Palestinian Arab Idol winner receives hero's welcome in Gaza
Thousands of fans greet Mohammed Assaf upon his return to Gaza after winning singing competition in Egypt.
Tens of thousands of joyous fans turned out on Tuesday to welcome "Arab Idol" Mohammed Assaf on his return to the Gaza Strip and the song contest winner appealed for harmony among divided Palestinians.
The fresh-faced 22-year-old from humble roots in a Gaza refugee camp has endeared millions of voting television viewers with his Palestinian patriotic anthems and folk songs.
Police from the Islamist Hamas movement that controls Gaza could barely hold back the crowds that waited for the grey-suited Assaf outside the gate of the territory's Rafah border crossing with Egypt.
His car drove through a sea of cheering Palestinians, some of whom climbed electricity poles and took to rooftops for a better glimpse of the young star, who was declared the winner of the popular pan-Arab competition in Beirut on Saturday.
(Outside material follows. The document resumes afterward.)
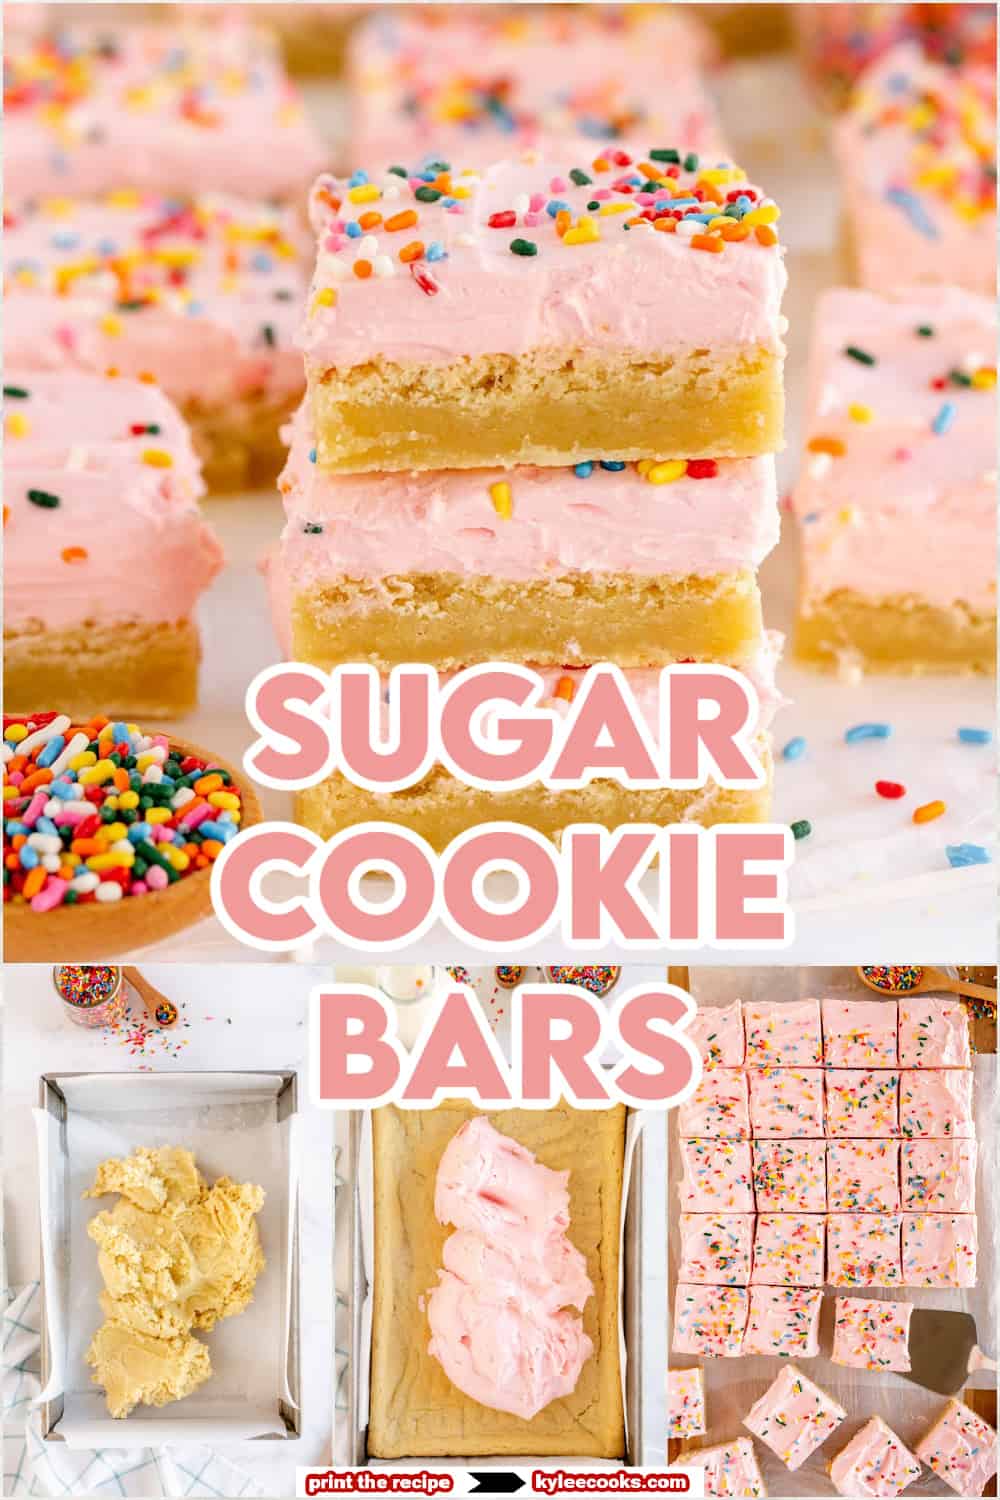 sugar cookie bars with recipe name overlaid in text.
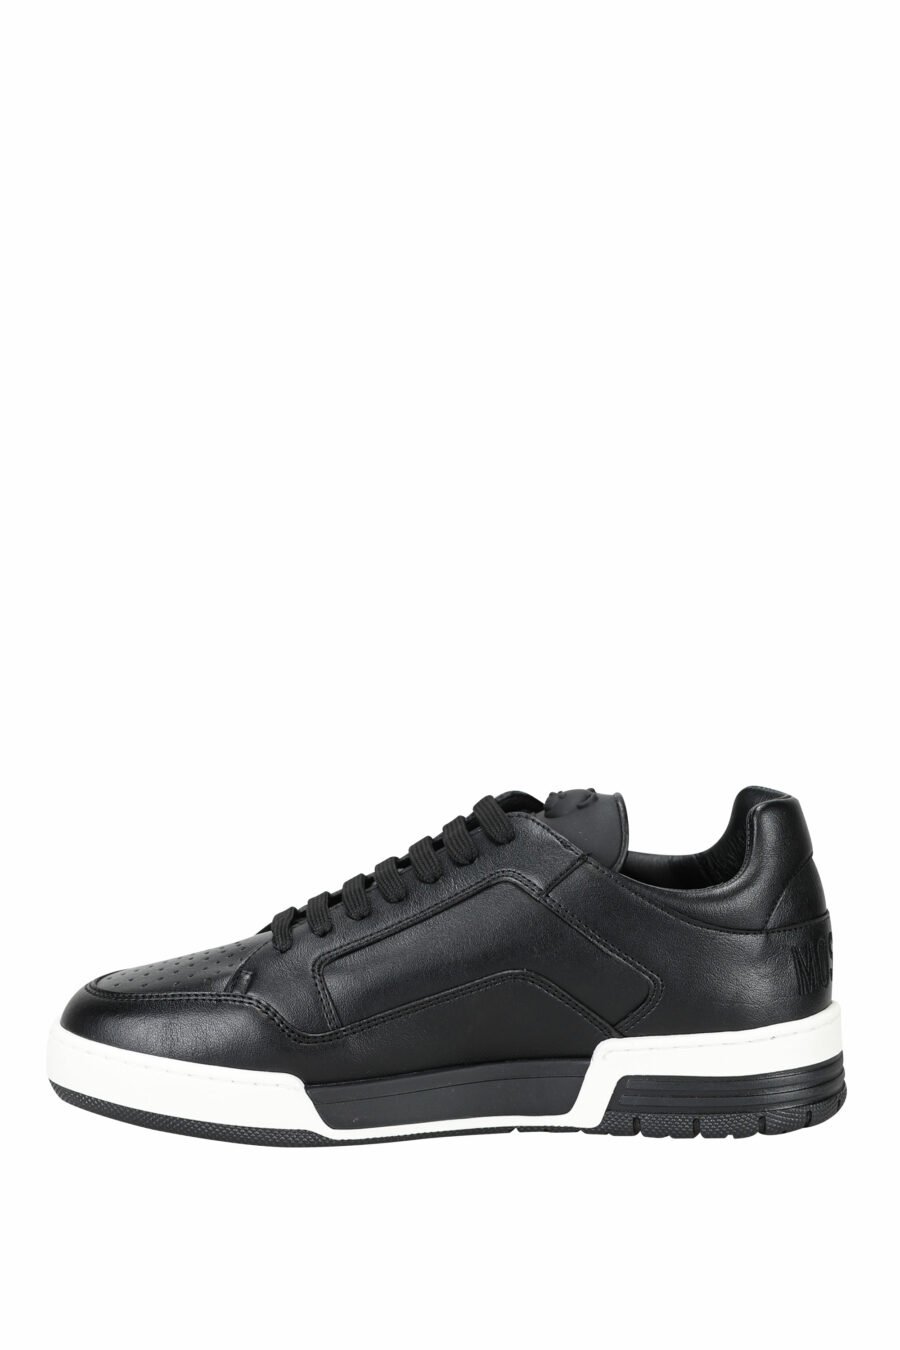 Black leather trainers with white sole and logo - 8054653096394 2

"Thanks everyone, without you I would have never won," Assaf said at a news conference after his arrival.
He returned to a Palestinian enclave where political rifts run deep. Hamas, which won a 2006 parliamentary election, seized control of Gaza from forces loyal to Western-backed President Mahmoud Abbas's Fatah party in 2007.
"I call for an end to division and I will continue to call for unity in all speeches I make," Assaf said.
Signaling its tacit endorsement of the singer, Hamas - which frowns on non-Islamic songs and the Western-style glitz of TV talent shows - sent officials from the Gaza-based Ministry of Culture to the border crossing to welcome him.
Fatah officials were also there, and many in the crowd waved the mainstream movement's yellow flags.
After his victory, Assaf was named by the United Nations as its first youth ambassador to Palestinian refugee camps in the territories and in neighboring countries. He is expected to visit the West Bank to perform.
"We won hope," said Abu Khalil, a 65-year-old Gaza resident. "I hope political leaders can learn something from Assaf - that love unites people, not hatred."